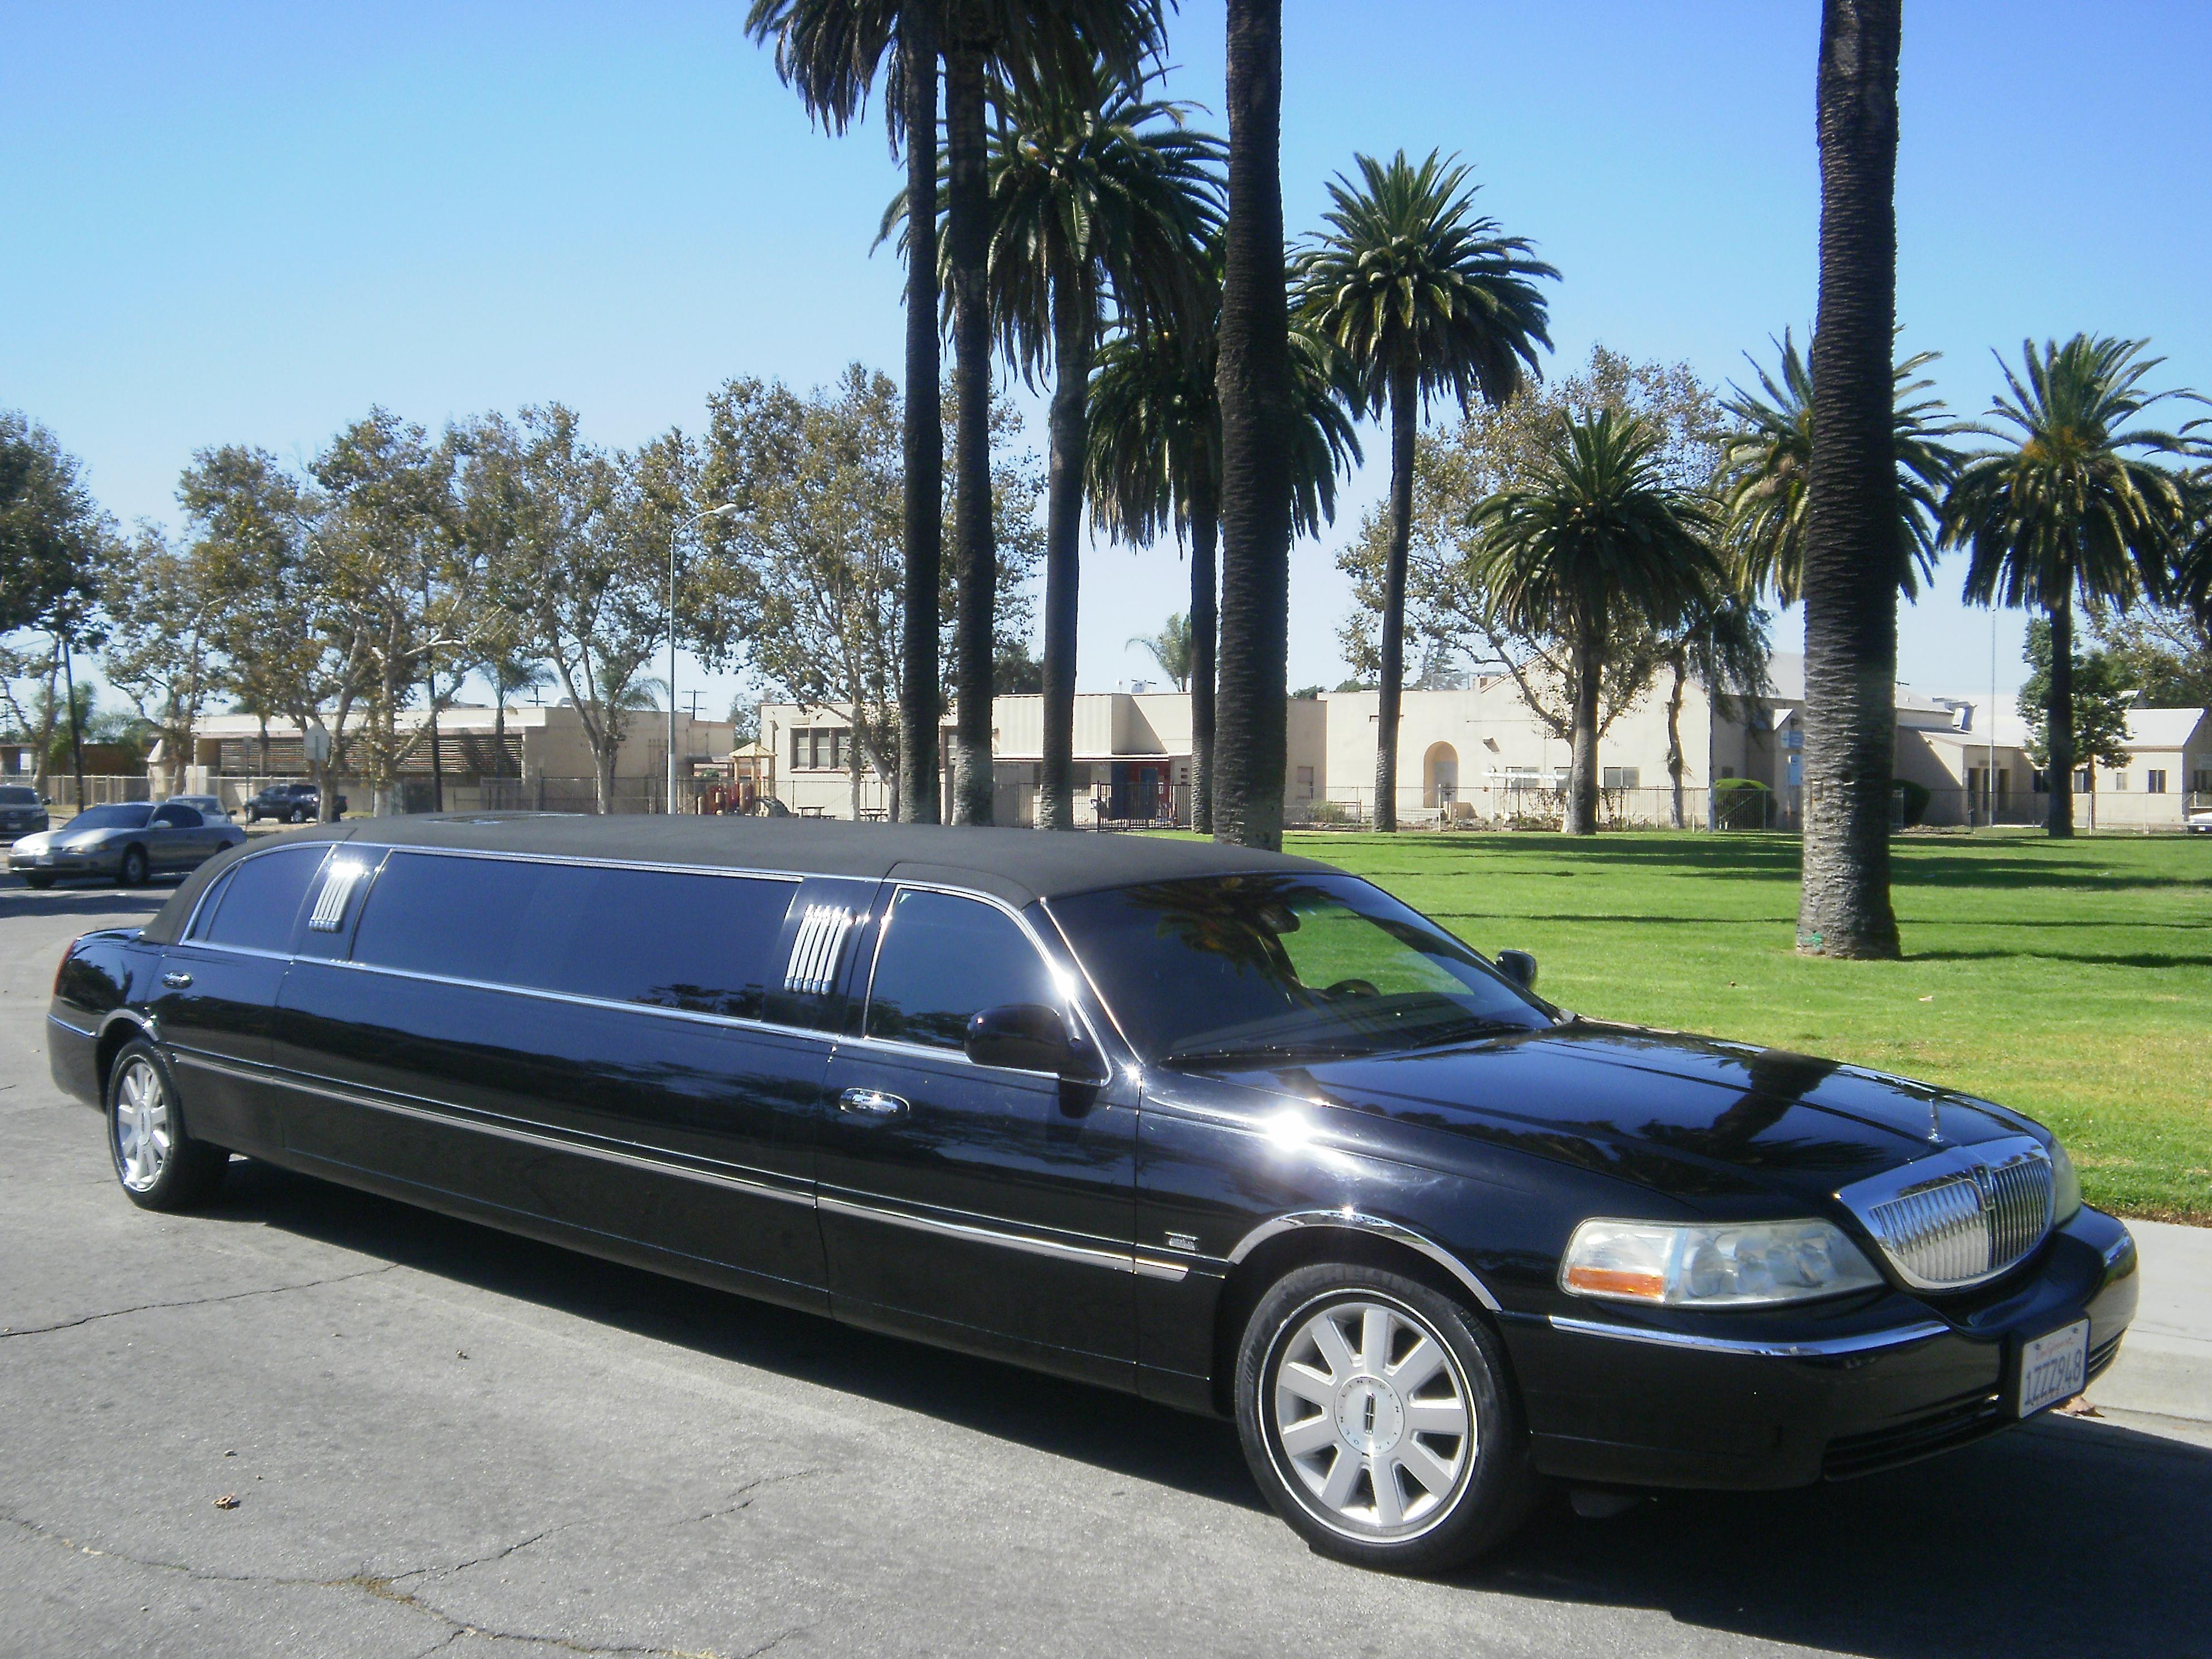 Black Lincoln Town Car 120 Inch Limousine 1076
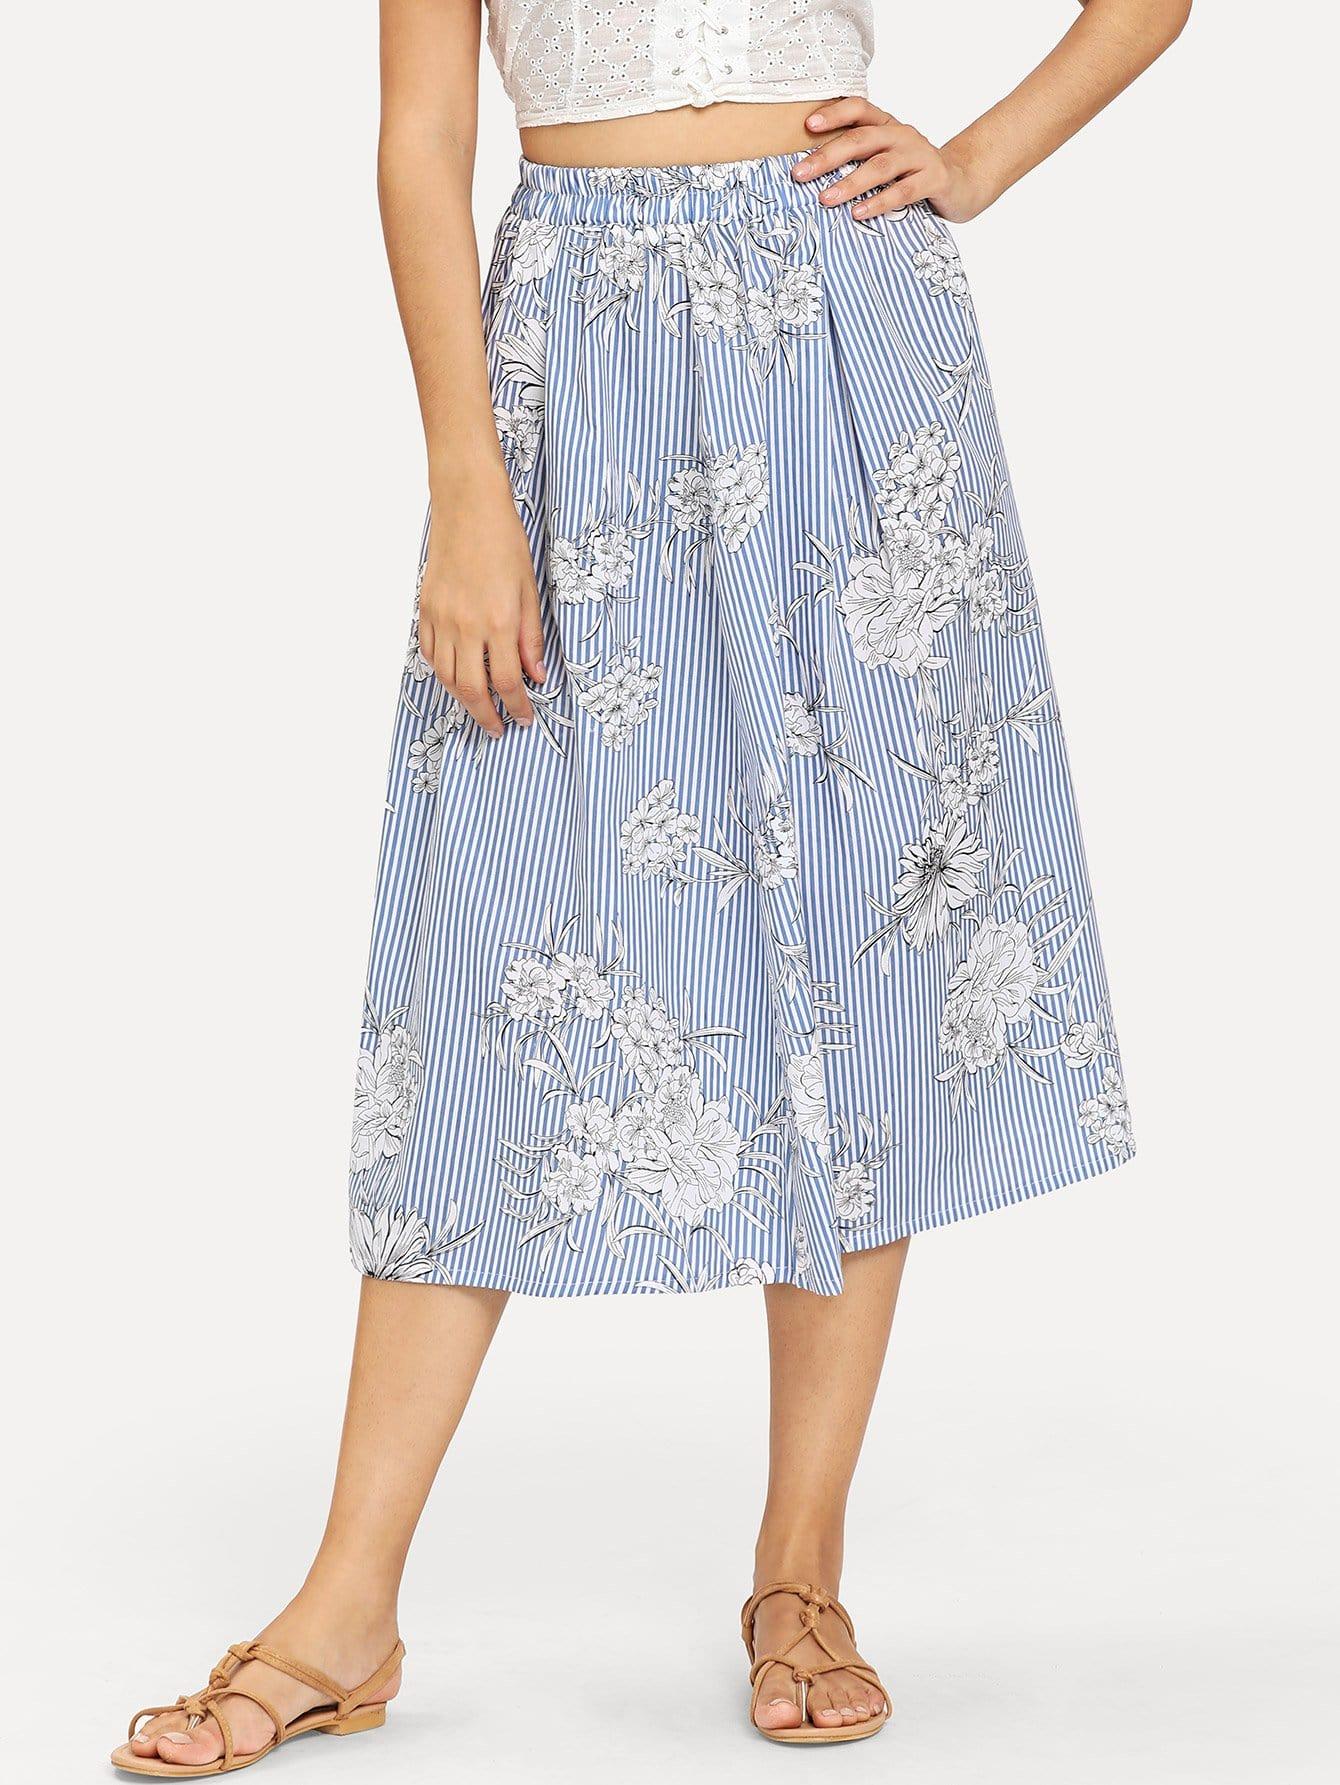 Floral Print Striped Skirt
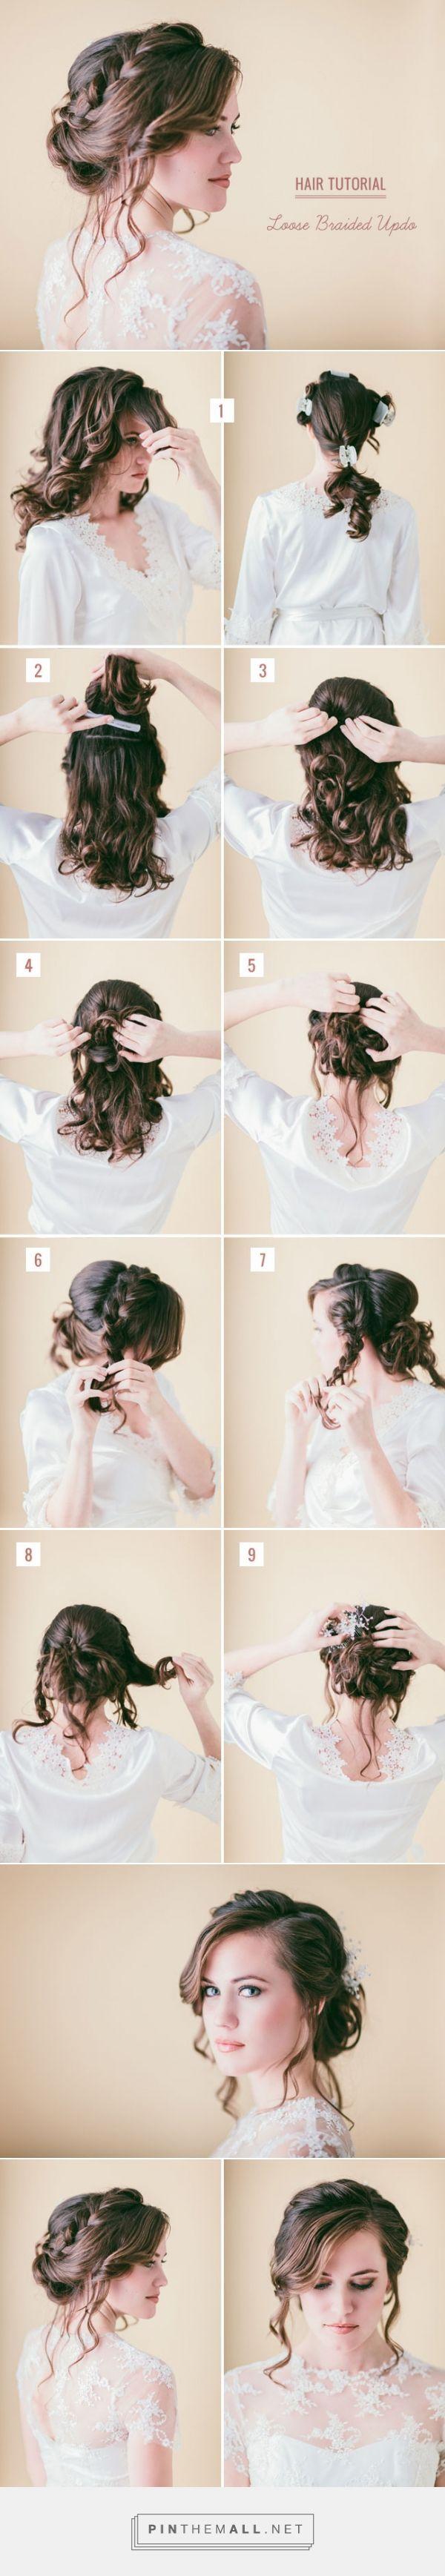 109 best | wedding hair | images on Pinterest | Bridal hairstyles ...
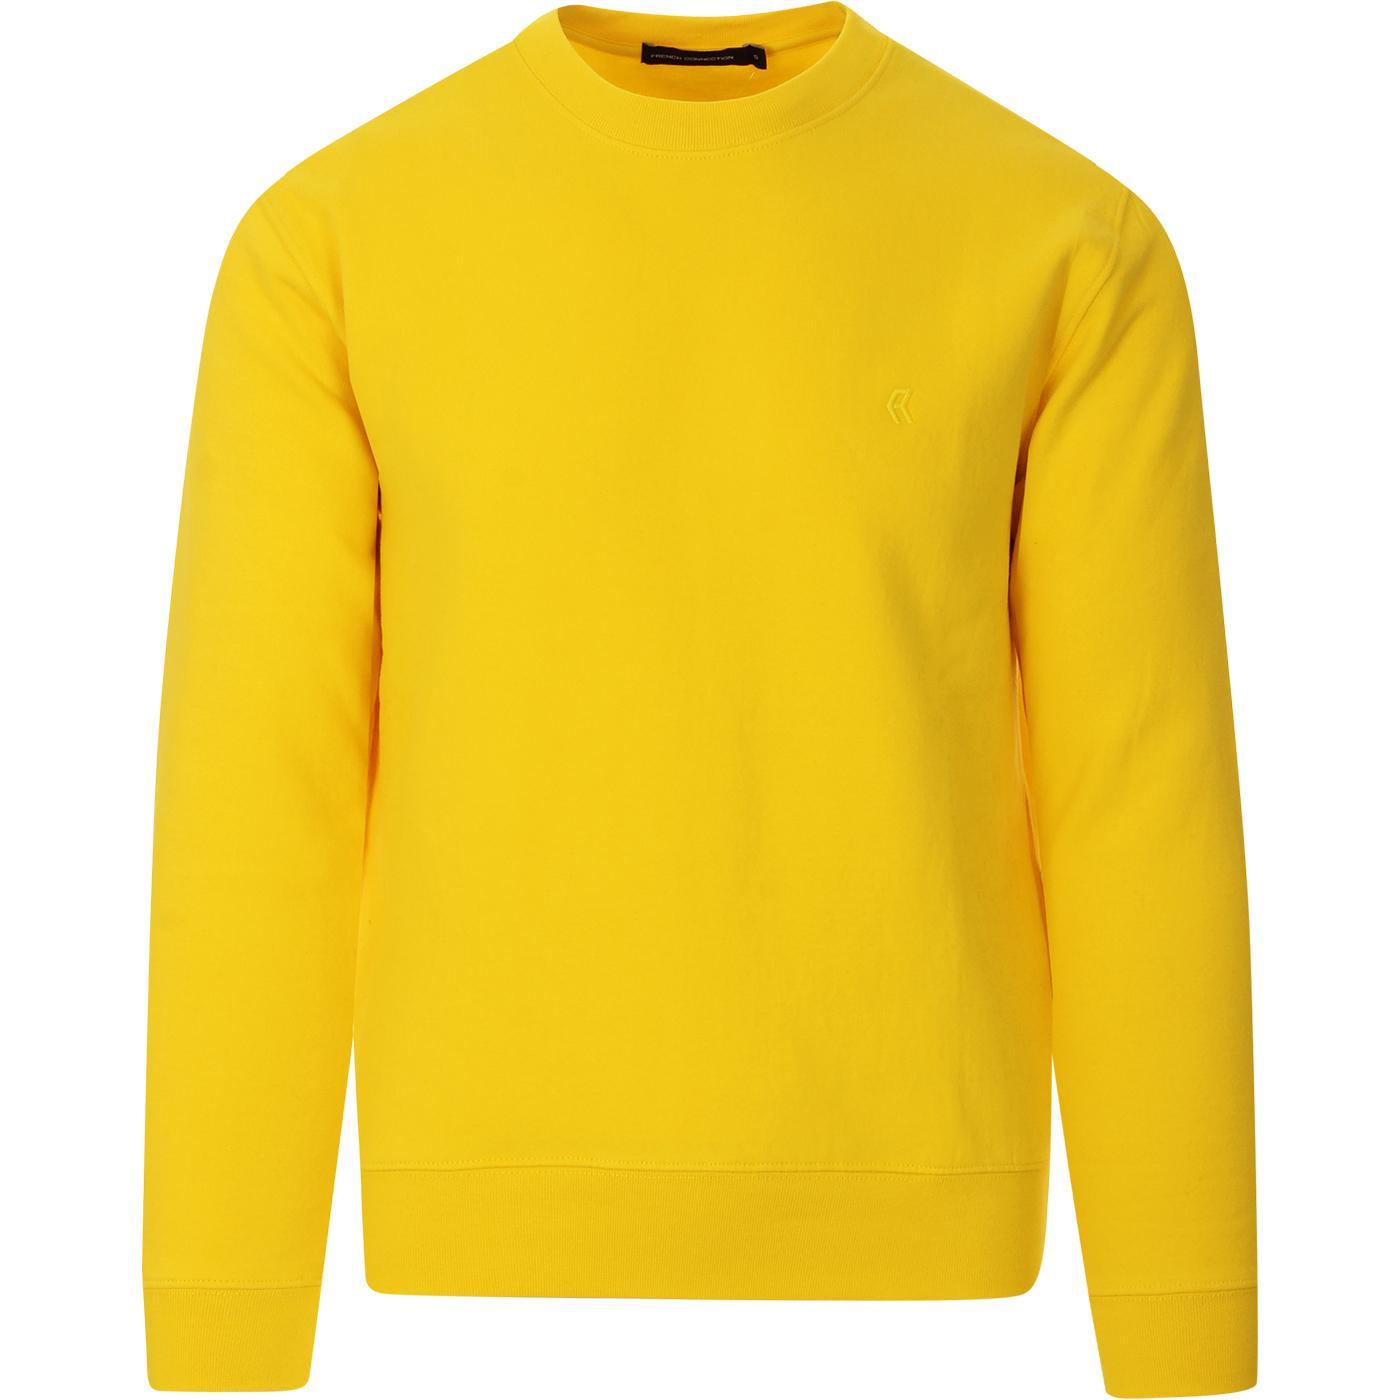 Sunday FRENCH CONNECTION Retro Sweatshirt (CY)

▶ _Task goal_:
Please retype the listing in full, exactly as given, and skip every image.

▶ _Output of the exercise_:
 Black Lincoln Town Car 120 Inch Limousine 1076
 Floral Print Striped Skirt
 109 best | wedding hair | images on Pinterest | Bridal hairstyles ...
 Sunday FRENCH CONNECTION Retro Sweatshirt (CY)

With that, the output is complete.